Deadline for manuscript submissions: closed (30 June 2023) | Viewed by 43195

Special Issue Editor


E-Mail Website
Guest Editor
National Reseach Council of Italy (CNR), ISASI Institute of Applied Sciences & Intelligent Systems, Pozzuoli, Italy
Interests: multimedia signal processing; image processing and understanding; image feature extraction and selection; neural network classifiers; object classification and tracking
Special Issues, Collections and Topics in MDPI journals

Special Issue Information

Dear Colleagues,

The aim of this Special Issue is to discuss the latest innovations in deep learning technologies applied to computer vision and image processing contexts also from a software development company perspective. The Special Issue will be focused on:

  • No-Code Deep Learning—a way of programming DL applications without having to go through the long and arduous processes of pre-processing, modeling, designing algorithms, collecting new data, retraining, deployment, and more;
  • TinyDL—IoT driven; while large scale machine learning applications exist, their usability is fairly limited. Smaller scale applications are often necessary. It can take time for a web request to send data to a large server for it to be processed by a machine learning algorithm and then sent back;
  • Full-stack Deep Learning—a form of wide spreading of deep learning frameworks; the business need to be able to include deep learning solutions into products has led to the emergence of a large demand for “full-stack deep learning”;
  • General Adversarial Networks (GAN)—a way of producing stronger solutions for implementations such as differentiating between different kinds of images. Generative neural networks produce samples that must be checked by discriminative networks which toss out unwanted generated content;
  • Unsupervised and self-supervised DL—as automation improves, more and more data science solutions are needed without human intervention. We already know from previous techniques that machines cannot learn in a vacuum. They must be able to take new information and analyze that data for the solution that they provide. However, this typically requires human data scientists to feed that information into the system;
  • Reinforcement Learning—where the machine learning system learns from direct experiences with its environment. The environment can use reward/punishment system to assign value to the observations that the ML system sees;
  • Few Shot, One Shot, and Zero Shot Learning—few shot learning focuses on limited data. While this has limitations, it does have various applications in fields such as image classification, facial recognition, and text classification. Likewise, one shot learning uses even fewer data. Zero shot learning is an initially confusing prospect. How can machine learning algorithms function without initial data? Zero shot ML systems observe a subject and use information about that object to predict what classification they may fall into. This is possible for humans.

Dr. Pier Luigi Mazzeo
Guest Editor

Manuscript Submission Information

Manuscripts should be submitted online at www.mdpi.com by registering and logging in to this website. Once you are registered, click here to go to the submission form. Manuscripts can be submitted until the deadline. All submissions that pass pre-check are peer-reviewed. Accepted papers will be published continuously in the journal (as soon as accepted) and will be listed together on the special issue website. Research articles, review articles as well as short communications are invited. For planned papers, a title and short abstract (about 100 words) can be sent to the Editorial Office for announcement on this website.

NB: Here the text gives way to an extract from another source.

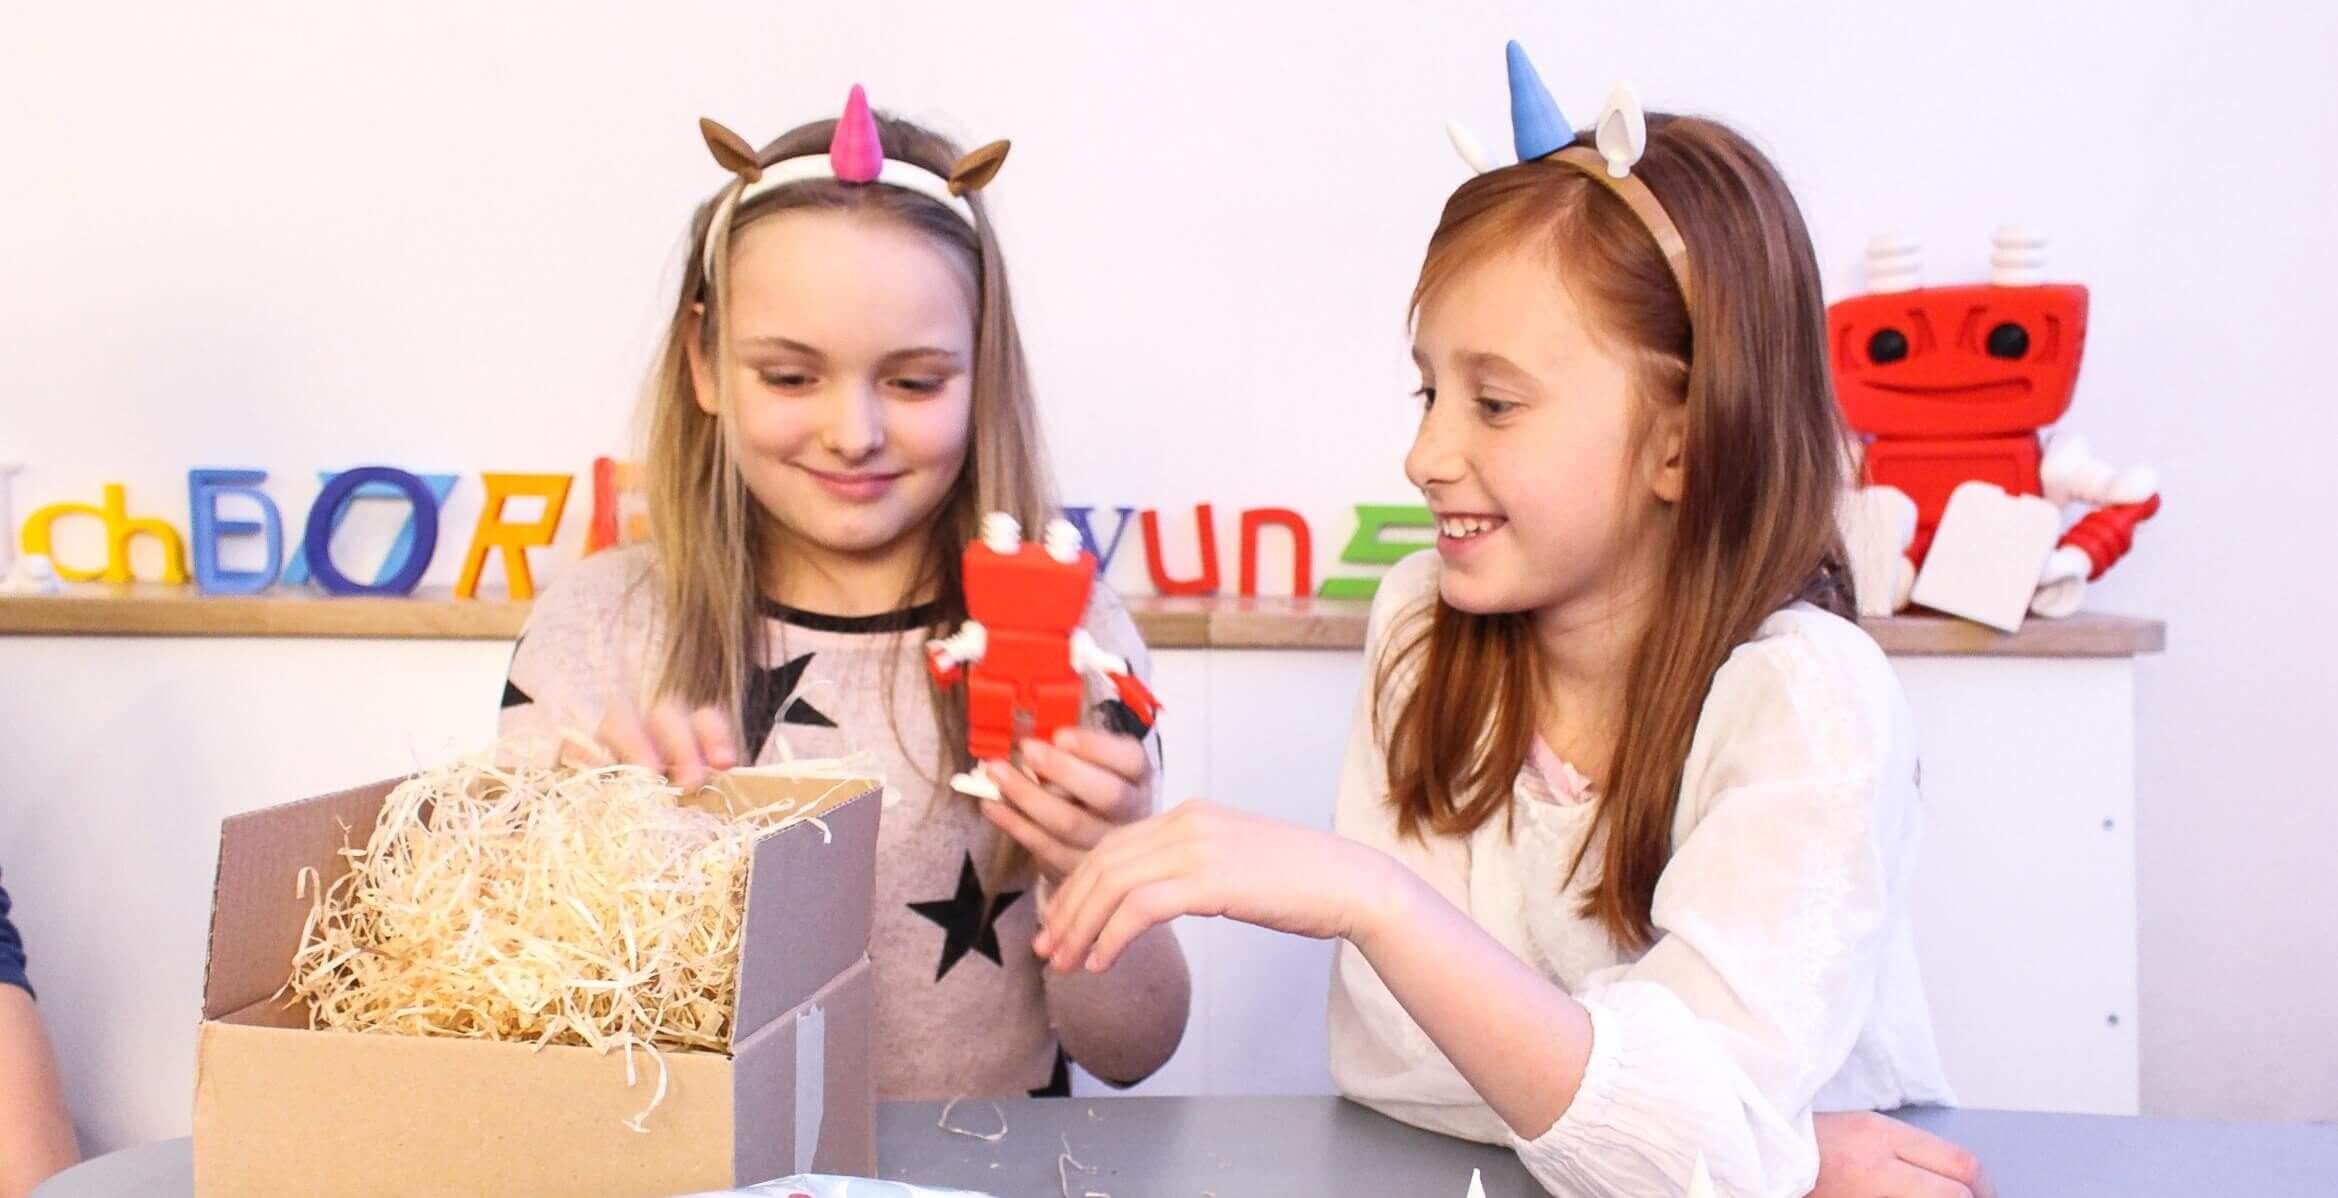 Kindergeburtstag Magdeburg - 3D-gedrucktes Spielzeug auspacken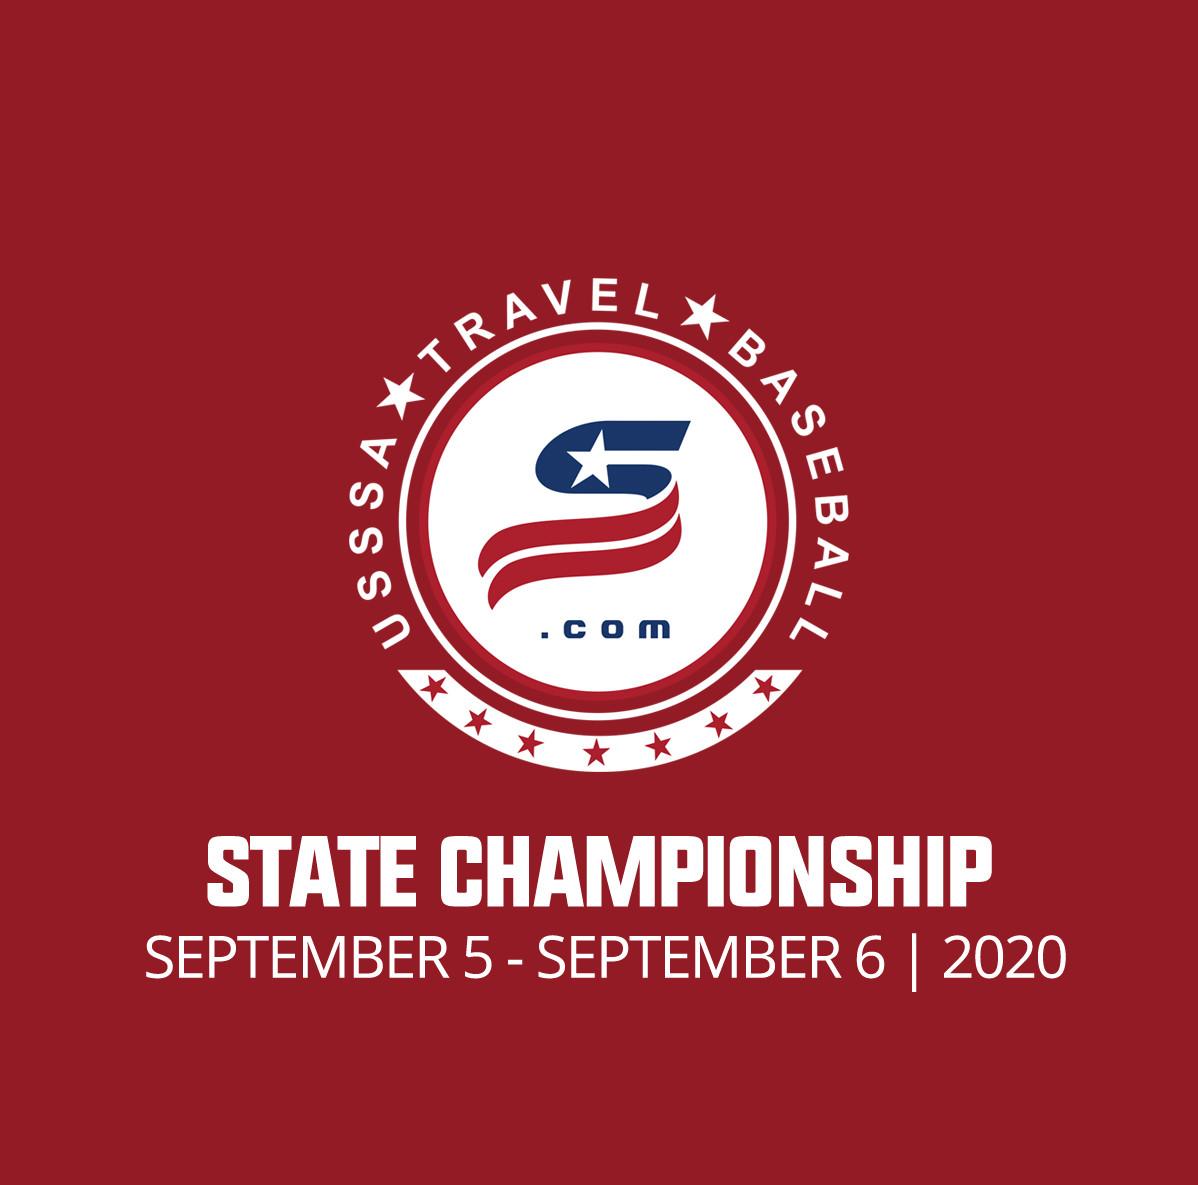 Upstate - State Championship (FALL)

Submitted manuscripts should not have been published previously, nor be under consideration for publication elsewhere (except conference proceedings papers). All manuscripts are thoroughly refereed through a single-blind peer-review process. A guide for authors and other relevant information for submission of manuscripts is available on the Instructions for Authors page. Journal of Imaging is an international peer-reviewed open access monthly journal published by MDPI.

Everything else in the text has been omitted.